**TASK GOAL**
Output the lines below exactly, please, from the first line until the line with "Corn Kernels, Corns", counting both.

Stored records
--------------------------------------------------

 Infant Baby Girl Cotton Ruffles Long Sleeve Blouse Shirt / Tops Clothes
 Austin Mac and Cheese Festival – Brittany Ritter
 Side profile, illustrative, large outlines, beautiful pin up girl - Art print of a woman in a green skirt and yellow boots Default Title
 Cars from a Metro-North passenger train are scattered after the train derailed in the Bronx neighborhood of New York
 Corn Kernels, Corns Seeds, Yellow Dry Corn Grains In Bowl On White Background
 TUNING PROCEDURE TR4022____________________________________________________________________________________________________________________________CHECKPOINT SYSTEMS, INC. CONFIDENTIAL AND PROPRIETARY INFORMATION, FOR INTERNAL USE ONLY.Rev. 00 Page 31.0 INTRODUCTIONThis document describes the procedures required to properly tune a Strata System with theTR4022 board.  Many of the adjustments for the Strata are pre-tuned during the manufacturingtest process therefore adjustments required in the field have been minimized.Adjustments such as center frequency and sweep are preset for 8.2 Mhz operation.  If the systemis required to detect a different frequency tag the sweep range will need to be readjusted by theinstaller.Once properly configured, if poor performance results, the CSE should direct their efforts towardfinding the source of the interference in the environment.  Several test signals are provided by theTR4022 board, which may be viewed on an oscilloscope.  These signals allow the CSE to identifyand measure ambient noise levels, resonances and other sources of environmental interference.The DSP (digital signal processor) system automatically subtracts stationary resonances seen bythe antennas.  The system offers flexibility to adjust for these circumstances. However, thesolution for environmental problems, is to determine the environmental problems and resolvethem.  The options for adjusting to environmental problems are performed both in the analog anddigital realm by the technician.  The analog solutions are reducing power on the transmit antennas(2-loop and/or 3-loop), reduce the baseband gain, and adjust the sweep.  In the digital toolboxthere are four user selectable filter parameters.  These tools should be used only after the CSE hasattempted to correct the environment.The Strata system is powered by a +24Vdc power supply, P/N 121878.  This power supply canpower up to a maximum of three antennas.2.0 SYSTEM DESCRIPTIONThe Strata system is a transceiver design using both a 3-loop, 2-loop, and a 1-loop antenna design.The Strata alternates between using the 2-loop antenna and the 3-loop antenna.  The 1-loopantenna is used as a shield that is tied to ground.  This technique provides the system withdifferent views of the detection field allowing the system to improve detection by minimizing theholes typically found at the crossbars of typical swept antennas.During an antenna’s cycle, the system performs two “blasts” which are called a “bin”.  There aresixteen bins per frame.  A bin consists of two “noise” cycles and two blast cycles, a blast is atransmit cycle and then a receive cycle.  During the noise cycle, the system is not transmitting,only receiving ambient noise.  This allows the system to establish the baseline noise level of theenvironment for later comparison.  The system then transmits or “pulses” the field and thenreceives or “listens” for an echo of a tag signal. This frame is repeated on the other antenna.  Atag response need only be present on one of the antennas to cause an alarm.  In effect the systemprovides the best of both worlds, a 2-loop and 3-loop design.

--------------------------------------------------

**SOLUTION TO THIS EXERCISE**
 Infant Baby Girl Cotton Ruffles Long Sleeve Blouse Shirt / Tops Clothes
 Austin Mac and Cheese Festival – Brittany Ritter
 Side profile, illustrative, large outlines, beautiful pin up girl - Art print of a woman in a green skirt and yellow boots Default Title
 Cars from a Metro-North passenger train are scattered after the train derailed in the Bronx neighborhood of New York
 Corn Kernels, Corns Seeds, Yellow Dry Corn Grains In Bowl On White Background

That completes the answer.